> [Excerpted data]:
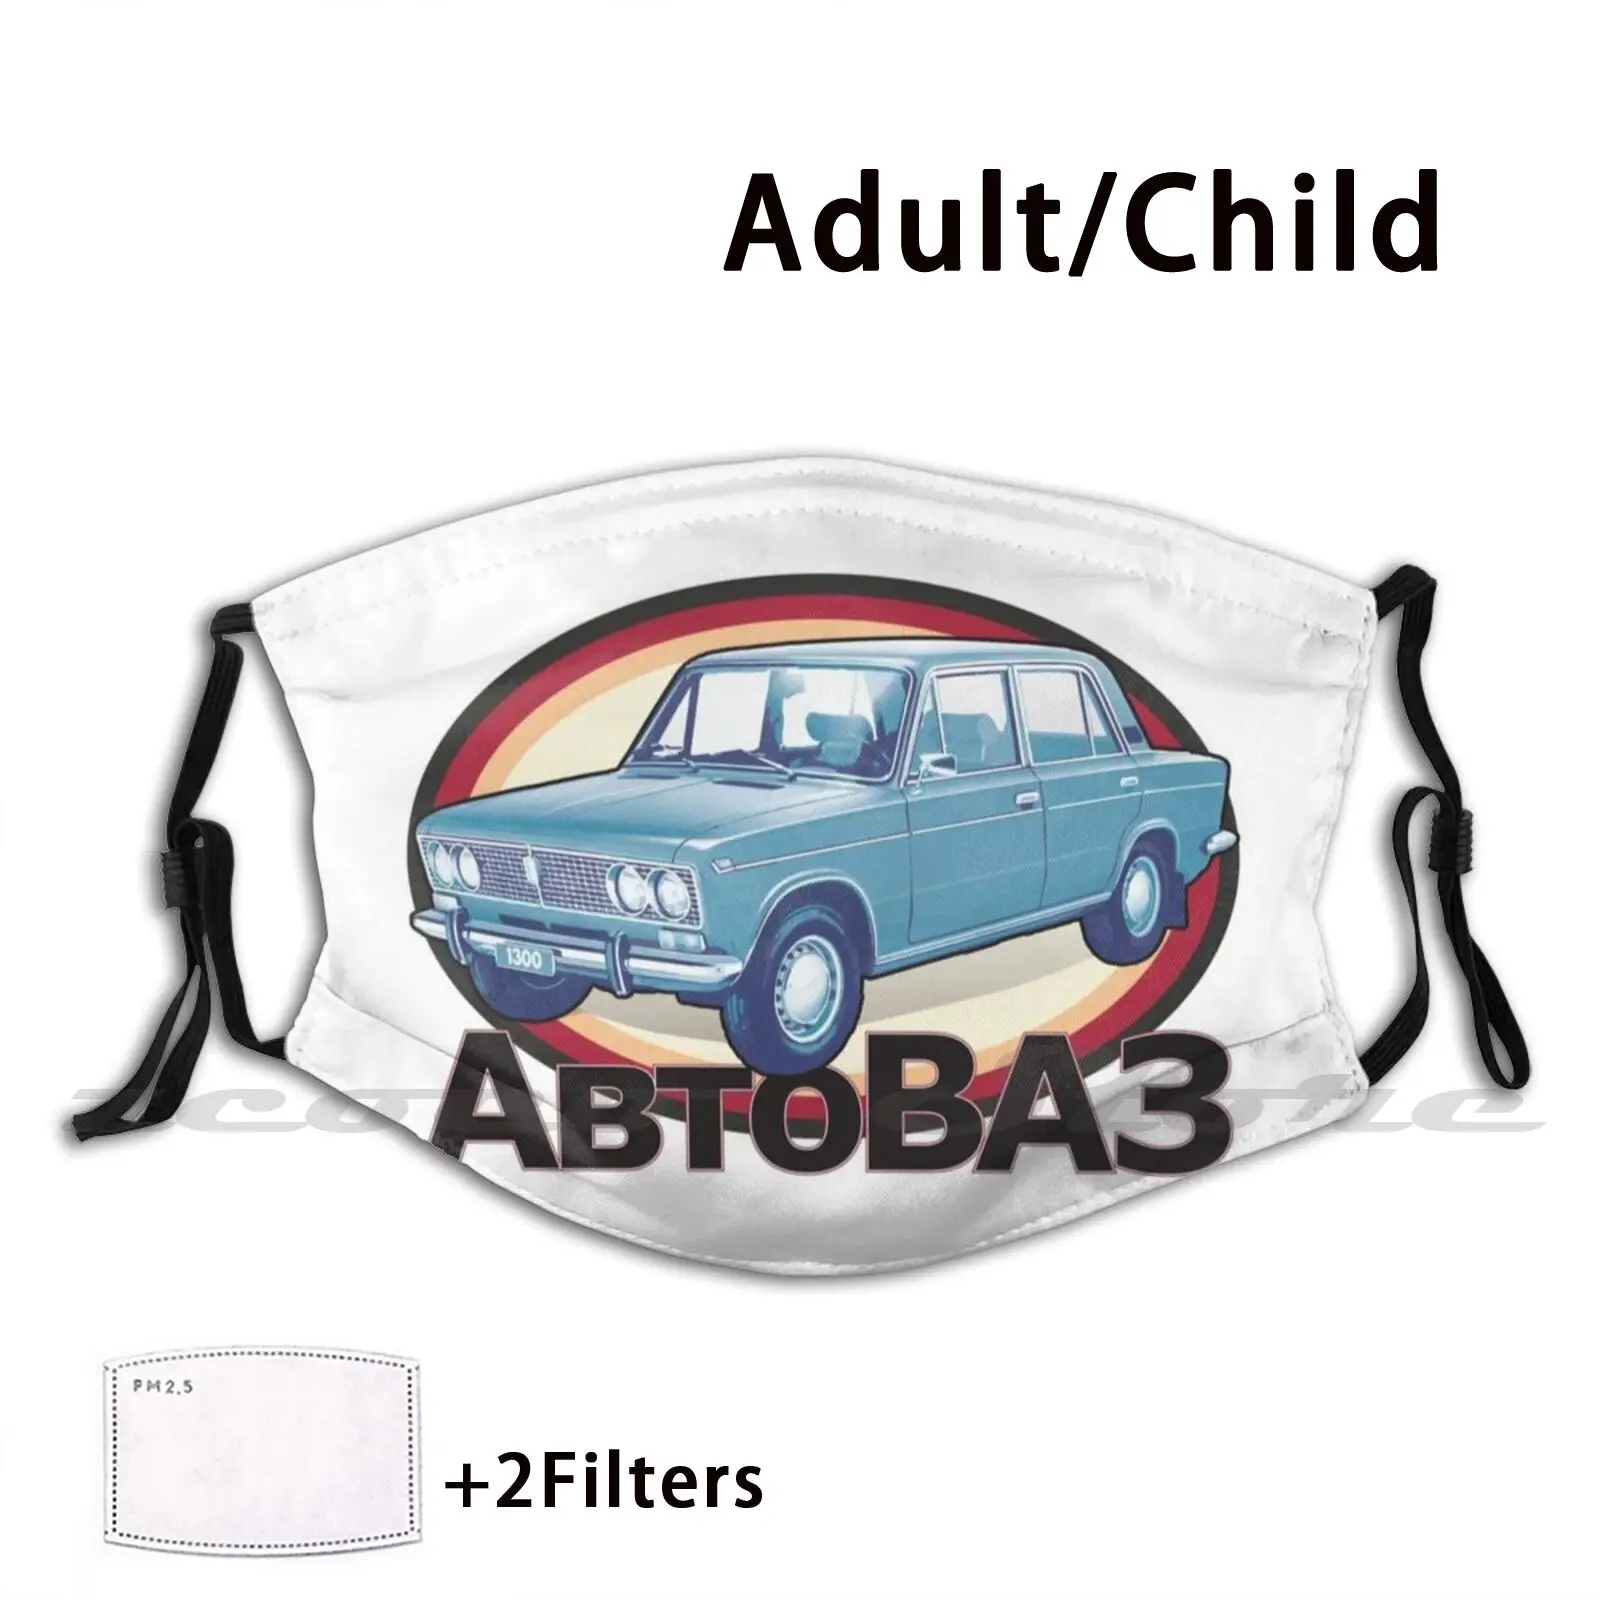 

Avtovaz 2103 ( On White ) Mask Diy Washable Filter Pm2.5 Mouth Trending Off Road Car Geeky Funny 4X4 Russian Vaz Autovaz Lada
---
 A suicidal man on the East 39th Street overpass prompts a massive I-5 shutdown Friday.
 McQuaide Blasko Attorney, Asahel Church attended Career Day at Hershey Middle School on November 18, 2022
...
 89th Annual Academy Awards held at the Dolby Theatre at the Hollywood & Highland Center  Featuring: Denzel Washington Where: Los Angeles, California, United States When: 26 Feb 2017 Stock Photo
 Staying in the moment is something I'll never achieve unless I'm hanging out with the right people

> [Required action]:
From the data above, return every line from the line that has "89th Annual Academy" up to and including the line that has "Staying in the", exactly.

> [Answer]:
 89th Annual Academy Awards held at the Dolby Theatre at the Hollywood & Highland Center  Featuring: Denzel Washington Where: Los Angeles, California, United States When: 26 Feb 2017 Stock Photo
 Staying in the moment is something I'll never achieve unless I'm hanging out with the right people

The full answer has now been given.